Young love has no chance


By Sayed Wahed Hashemi

Institute for War & Peace Reporting

HERAT, Afghanistan

Ali Ahmad, 19, and Samira, 18, were walking down a street in Herat in western Afghanistan when a police car drew up in front of them. The police wanted to know the nature of their relationship and why they were together.

The couple explained that they were engaged and due to marry soon. They said they had come together, with the permission of both their families, to discuss their future lives together.

The answers prompted the police to arrest both of them, sending Ali Ahmad to a detention center and Samira to a juvenile reform unit.

Ahmad’s father, Gholam, said his son had wanted to meet his fiancee before their arranged marriage, and this had been their second encounter.

“My son is still imprisoned,” he said. “I don’t know what’s happening with the case or when the court order is going to be issued.”

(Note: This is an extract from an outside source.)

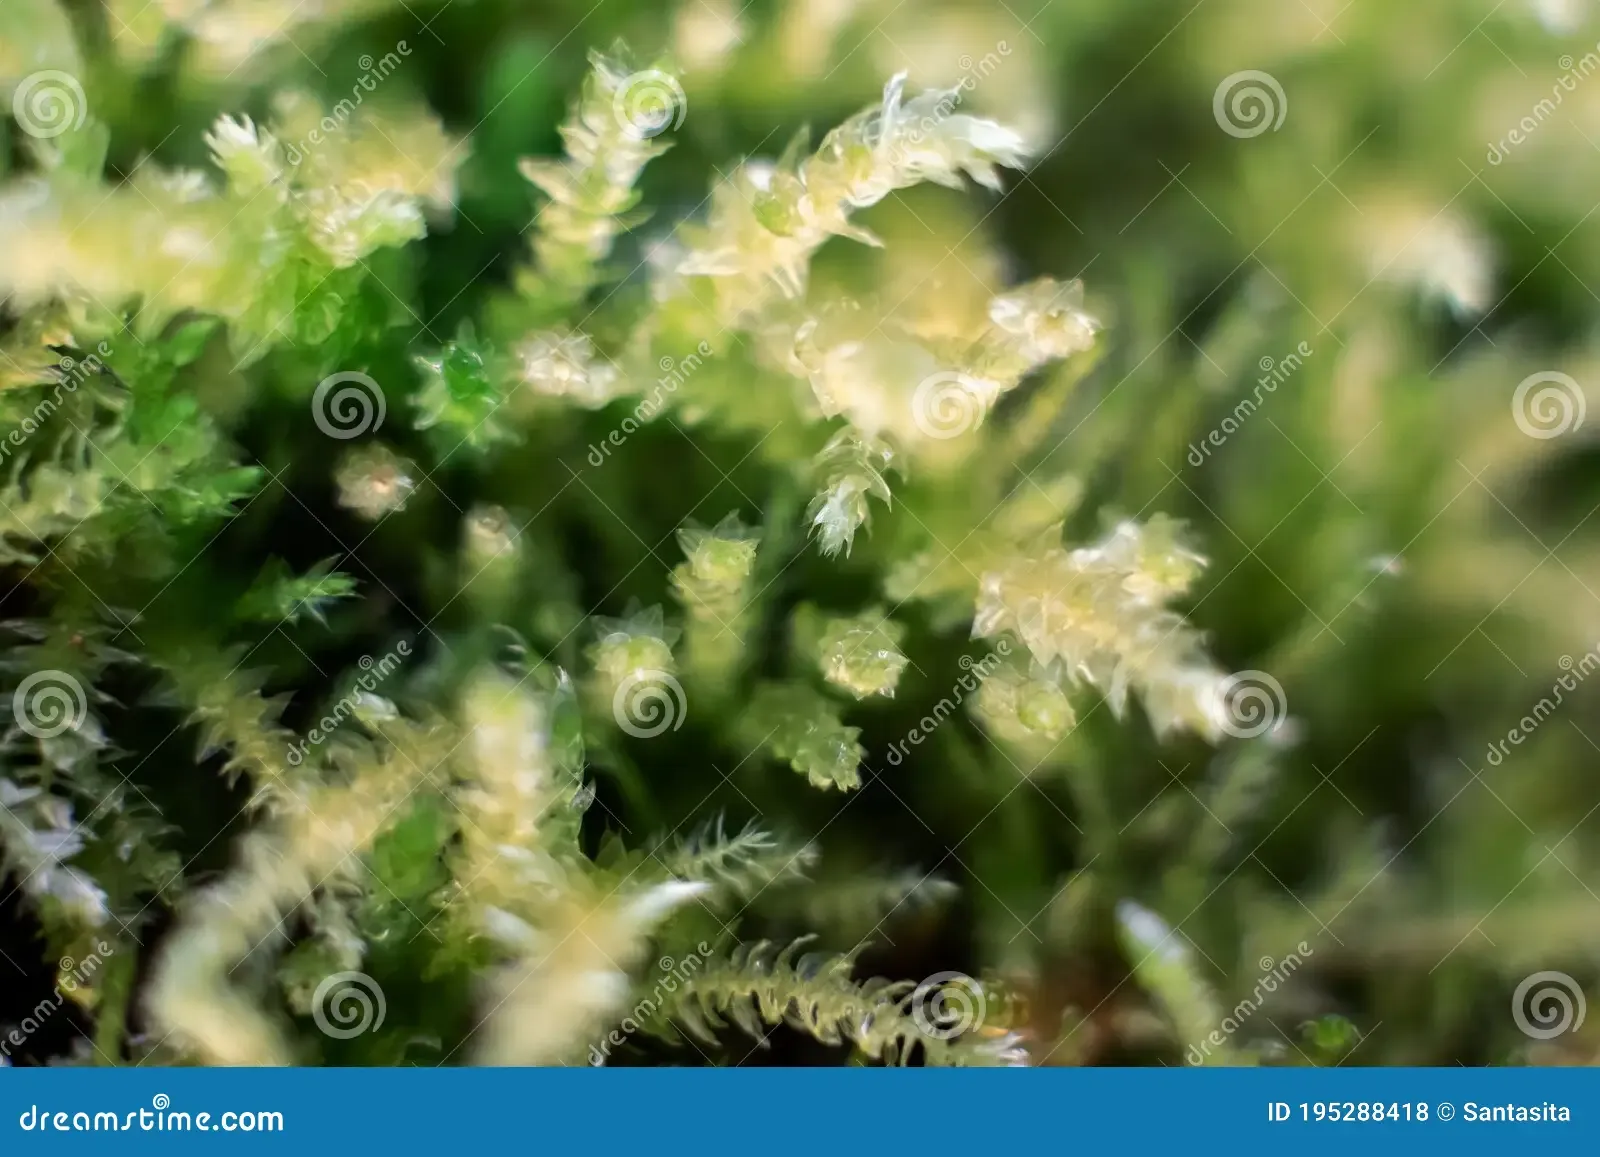 macro-bryum-moss-pohlia-nutans-dew-drops-forest-floor-over-dark-green-background-mossy-plants-mosses-195288418.jpg

Mohammad Hassan, the lawyer representing Ahmad, said that the young man had been initially detained on a charge of suspected “fornication.” Conviction could send him to prison for five to 15 years.

Intended fornication

The case of Ahmad and Samira is hardly an isolated one. One local lawyer said that at least 14 cases of intended fornication had been referred to court in Herat over the past four months.

Gen. Sayed Aqa Saqeb, the police chief in Herat, said his officers respected everyone’s rights, but at the same time had to give priority to Islamic law and to prevailing social attitudes.

“Police must have the right to ask anyone to identify themselves and state where they are going,” he said. “We want families to be able to go out freely for sightseeing and picnicking without any harassment, but anything that is against the law and sharia is unacceptable.”

But some are asking whether the police have overstepped their bounds.

Mohammad Alef Erfani, the head of the defense lawyers’ association in Herat, said the police had no basis for detaining the couple just because they were together.

“By law, there is no crime in girls and boys being together, and people can only be arrested if they commit actions that are deemed crimes under the law,” he said. “Arresting such individuals is therefore against the law, and no punishment can legally be imposed.”

Erfani said the issue had already been referred to Afghanistan’s Supreme Court, which ruled in a previous case that, while it was sinful for unrelated men and women to be alone together, if unaccompanied, no legal restrictions could be applied.

Dad Mohammad Wahedi, a university lecturer in Islamic sciences, said the actions by the police reminded him of the days when the Taliban ruled Afghanistan, and women were forbidden to leave home unless accompanied by a male family member.

“We cannot build a wall between men and women as the Taliban government did, when schools and universities were closed to girls,” he said. “We have thousands of male and female students in Afghanistan, who are with one another inside the university and in the classrooms. They’re also able to meet each other outside study time. Should we arrest all of them?”

Police behavior

Human rights organizations were equally critical of the police’s behavior.

Sharifa Shahab, who is in charge of monitoring police activities with the Independent Human Rights Commission’s Herat branch, said personal freedoms were enshrined in the constitution, but this did not stop police harassing couples – even married ones. “It’s an offense to human dignity,” she said.

The recent rash of arrests has many young people in Herat on edge.

“No one is legally allowed to interfere in people’s personal affairs without a judicial order or a legal complaint, or to interrogate people about their relationships,” said Rahmatullah, who is studying law and political science at Herat University.

Sayed Wahed Hashimi is a reporter in Herat, Afghanistan, who writes for The Institute for War & Peace Reporting, a nonprofit organization in London that trains journalists in areas of conflict. Distributed by McClatchy-Tribune Information Services.